En esa perspectiva, resultan casi ingenuas las heroicas luchas de las mujeres que en los últimos ciento cincuenta años defendieron y ganaron la igualdad de la mujer. A partir del libro de la inglesa Mary Wollstoncraft “Reivindicación de los Derechos de la Mujer”, publicado en 1792, miles y miles de mujeres desafiaron ser tratadas de indecentes, recibieron burlas, garrotazos y hasta la misma muerte, en su lucha.

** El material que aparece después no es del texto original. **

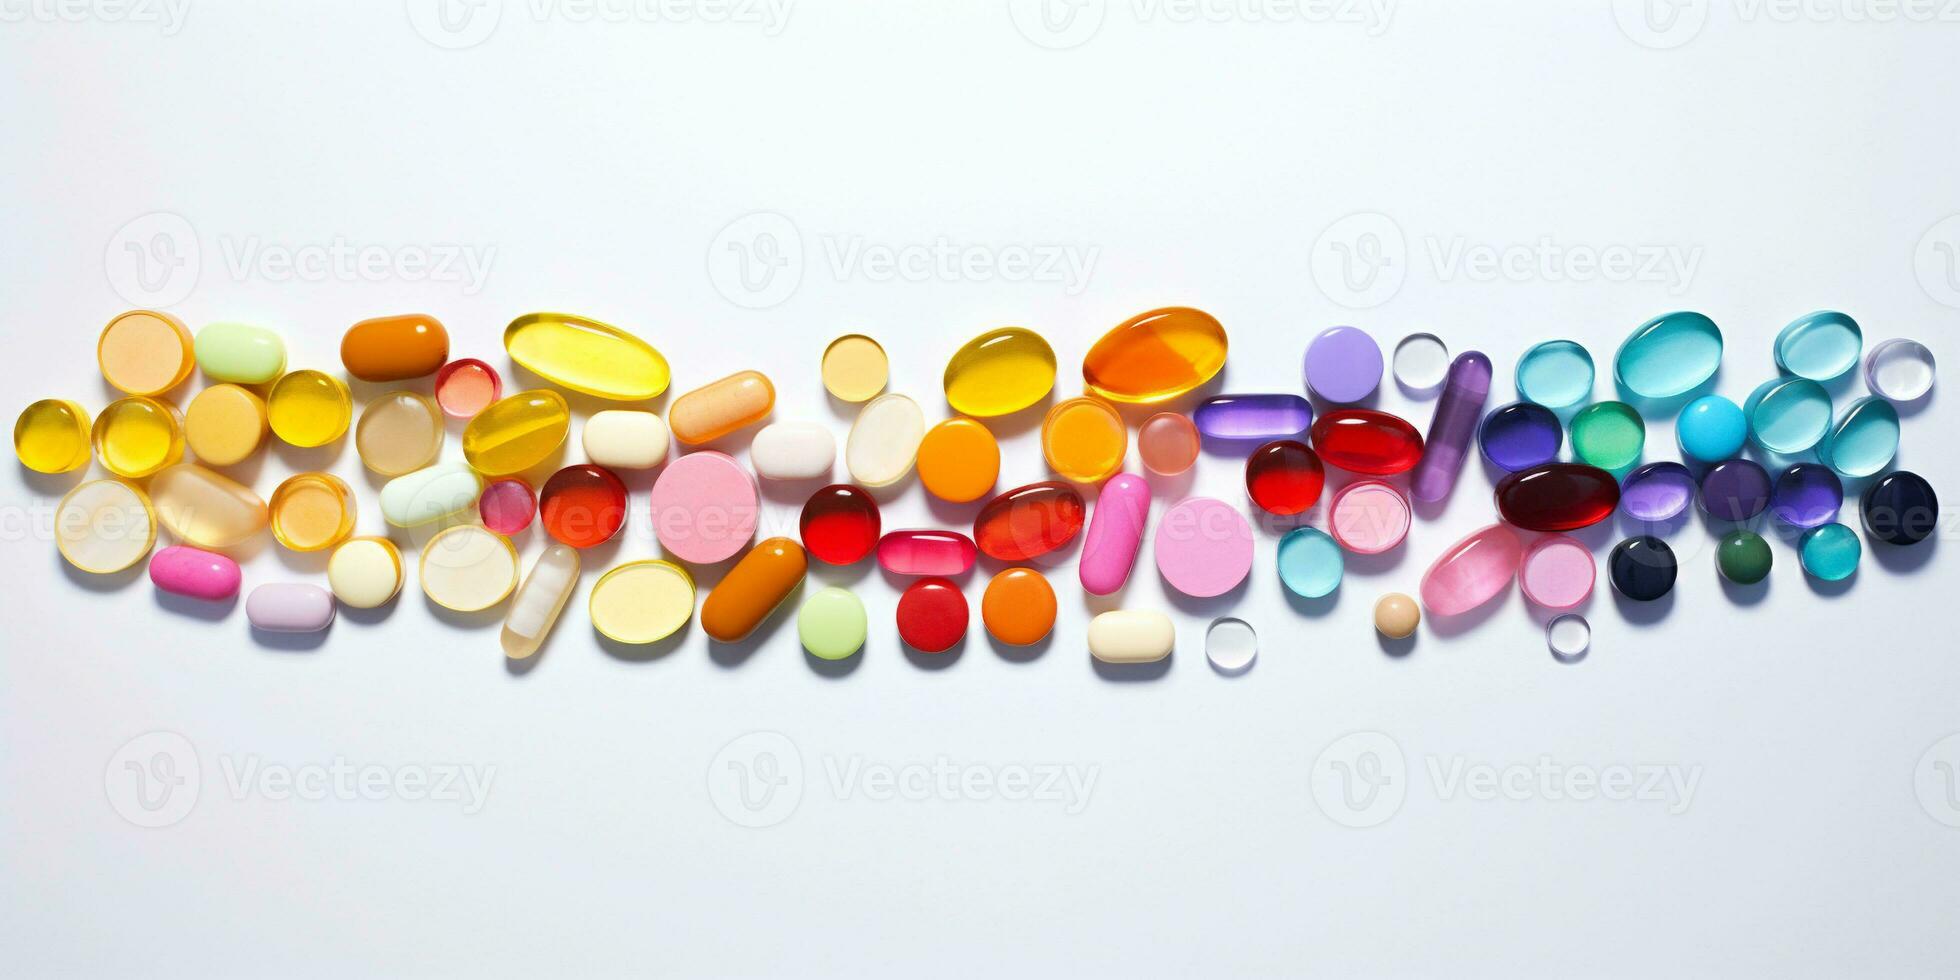 tablets en capsules in allemaal kleuren van de regenboog. banier voor farmaceutisch toevoegen foto

En la carrera del Derby de 1913, la joven inglesa Emily Davidson se arrojó a las patas de los caballos gritando: ¡No dejaré que ustedes se diviertan en las carreras de caballo, mientras nos niegan el derecho a voto! Emily Davidson murió aplastada.
En Nueva Zelandia, en 1893, las mujeres lograron por primera vez el derecho a voto. En Estados Unidos, lograron derecho a voto en 1920. Y en 1952, la Asamblea General de las Naciones Unidas dispuso que, en todo el mundo, el derecho a voto de las mujeres será igual que el de los hombres.
Poco a poco, las mujeres han venido conquistando igualdad de salarios y oportunidades laborales, además de otras prerrogativas que deben ser exclusivas para ellas. Cada día las mujeres se liberan más de sus roles esenciales, que en la prehistoria las convirtieron en reinas, pero después la volvieron esclavas. Ahora sólo algunas quieren ser madres y sólo por un corto tiempo, para luego entregarse a las tareas accesorias y remuneradas que antes eran exclusividad de los varones.
Tenemos que admitirlo. Las mujeres están iniciando una revolución inmensa. Y, según podemos esperar, su resultado no será un desquite en contra de los hombres, sino una conciliación en la libertad dentro de la diversidad.
Hasta la vista, amigos. Cuídense, hay peligro. Pero juntos mujeres y hombres podemos enfrentarlo.